> What is being asked: From the first entry to the last, repeat the listing exactly.

> Supplied records:
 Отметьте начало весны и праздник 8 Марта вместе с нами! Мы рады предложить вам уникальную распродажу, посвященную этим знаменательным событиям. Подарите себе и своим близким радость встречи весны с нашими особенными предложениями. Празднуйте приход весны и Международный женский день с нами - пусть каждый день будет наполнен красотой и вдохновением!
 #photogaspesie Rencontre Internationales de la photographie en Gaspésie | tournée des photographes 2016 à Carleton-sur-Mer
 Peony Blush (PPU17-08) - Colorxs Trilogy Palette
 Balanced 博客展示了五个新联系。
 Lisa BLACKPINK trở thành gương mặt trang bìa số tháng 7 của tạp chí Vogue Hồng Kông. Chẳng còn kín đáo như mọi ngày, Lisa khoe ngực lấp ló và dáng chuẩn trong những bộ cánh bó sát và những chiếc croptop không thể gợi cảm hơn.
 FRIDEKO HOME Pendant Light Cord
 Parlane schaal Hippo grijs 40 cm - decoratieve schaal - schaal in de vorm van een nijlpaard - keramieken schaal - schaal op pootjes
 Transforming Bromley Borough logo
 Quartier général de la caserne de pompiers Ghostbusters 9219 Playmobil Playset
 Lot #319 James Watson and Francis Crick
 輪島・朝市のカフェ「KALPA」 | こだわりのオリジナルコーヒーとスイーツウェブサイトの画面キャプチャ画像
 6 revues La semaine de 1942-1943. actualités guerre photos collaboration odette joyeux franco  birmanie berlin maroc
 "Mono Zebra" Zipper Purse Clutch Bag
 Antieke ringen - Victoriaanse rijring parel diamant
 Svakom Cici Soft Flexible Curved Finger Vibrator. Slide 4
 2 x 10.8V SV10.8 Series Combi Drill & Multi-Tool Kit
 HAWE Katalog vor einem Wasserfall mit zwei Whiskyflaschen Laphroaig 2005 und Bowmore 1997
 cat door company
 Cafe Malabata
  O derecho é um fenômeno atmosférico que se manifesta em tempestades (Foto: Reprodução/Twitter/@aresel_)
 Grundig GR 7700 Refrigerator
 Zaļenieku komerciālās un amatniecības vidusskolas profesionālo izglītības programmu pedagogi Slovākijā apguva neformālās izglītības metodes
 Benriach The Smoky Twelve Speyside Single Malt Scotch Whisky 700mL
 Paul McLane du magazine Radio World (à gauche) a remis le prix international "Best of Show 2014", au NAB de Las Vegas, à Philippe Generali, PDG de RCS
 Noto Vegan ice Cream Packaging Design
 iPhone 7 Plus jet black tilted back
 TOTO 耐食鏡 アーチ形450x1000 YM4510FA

> Reply:
 Отметьте начало весны и праздник 8 Марта вместе с нами! Мы рады предложить вам уникальную распродажу, посвященную этим знаменательным событиям. Подарите себе и своим близким радость встречи весны с нашими особенными предложениями. Празднуйте приход весны и Международный женский день с нами - пусть каждый день будет наполнен красотой и вдохновением!
 #photogaspesie Rencontre Internationales de la photographie en Gaspésie | tournée des photographes 2016 à Carleton-sur-Mer
 Peony Blush (PPU17-08) - Colorxs Trilogy Palette
 Balanced 博客展示了五个新联系。
 Lisa BLACKPINK trở thành gương mặt trang bìa số tháng 7 của tạp chí Vogue Hồng Kông. Chẳng còn kín đáo như mọi ngày, Lisa khoe ngực lấp ló và dáng chuẩn trong những bộ cánh bó sát và những chiếc croptop không thể gợi cảm hơn.
 FRIDEKO HOME Pendant Light Cord
 Parlane schaal Hippo grijs 40 cm - decoratieve schaal - schaal in de vorm van een nijlpaard - keramieken schaal - schaal op pootjes
 Transforming Bromley Borough logo
 Quartier général de la caserne de pompiers Ghostbusters 9219 Playmobil Playset
 Lot #319 James Watson and Francis Crick
 輪島・朝市のカフェ「KALPA」 | こだわりのオリジナルコーヒーとスイーツウェブサイトの画面キャプチャ画像
 6 revues La semaine de 1942-1943. actualités guerre photos collaboration odette joyeux franco  birmanie berlin maroc
 "Mono Zebra" Zipper Purse Clutch Bag
 Antieke ringen - Victoriaanse rijring parel diamant
 Svakom Cici Soft Flexible Curved Finger Vibrator. Slide 4
 2 x 10.8V SV10.8 Series Combi Drill & Multi-Tool Kit
 HAWE Katalog vor einem Wasserfall mit zwei Whiskyflaschen Laphroaig 2005 und Bowmore 1997
 cat door company
 Cafe Malabata
  O derecho é um fenômeno atmosférico que se manifesta em tempestades (Foto: Reprodução/Twitter/@aresel_)
 Grundig GR 7700 Refrigerator
 Zaļenieku komerciālās un amatniecības vidusskolas profesionālo izglītības programmu pedagogi Slovākijā apguva neformālās izglītības metodes
 Benriach The Smoky Twelve Speyside Single Malt Scotch Whisky 700mL
 Paul McLane du magazine Radio World (à gauche) a remis le prix international "Best of Show 2014", au NAB de Las Vegas, à Philippe Generali, PDG de RCS
 Noto Vegan ice Cream Packaging Design
 iPhone 7 Plus jet black tilted back
 TOTO 耐食鏡 アーチ形450x1000 YM4510FA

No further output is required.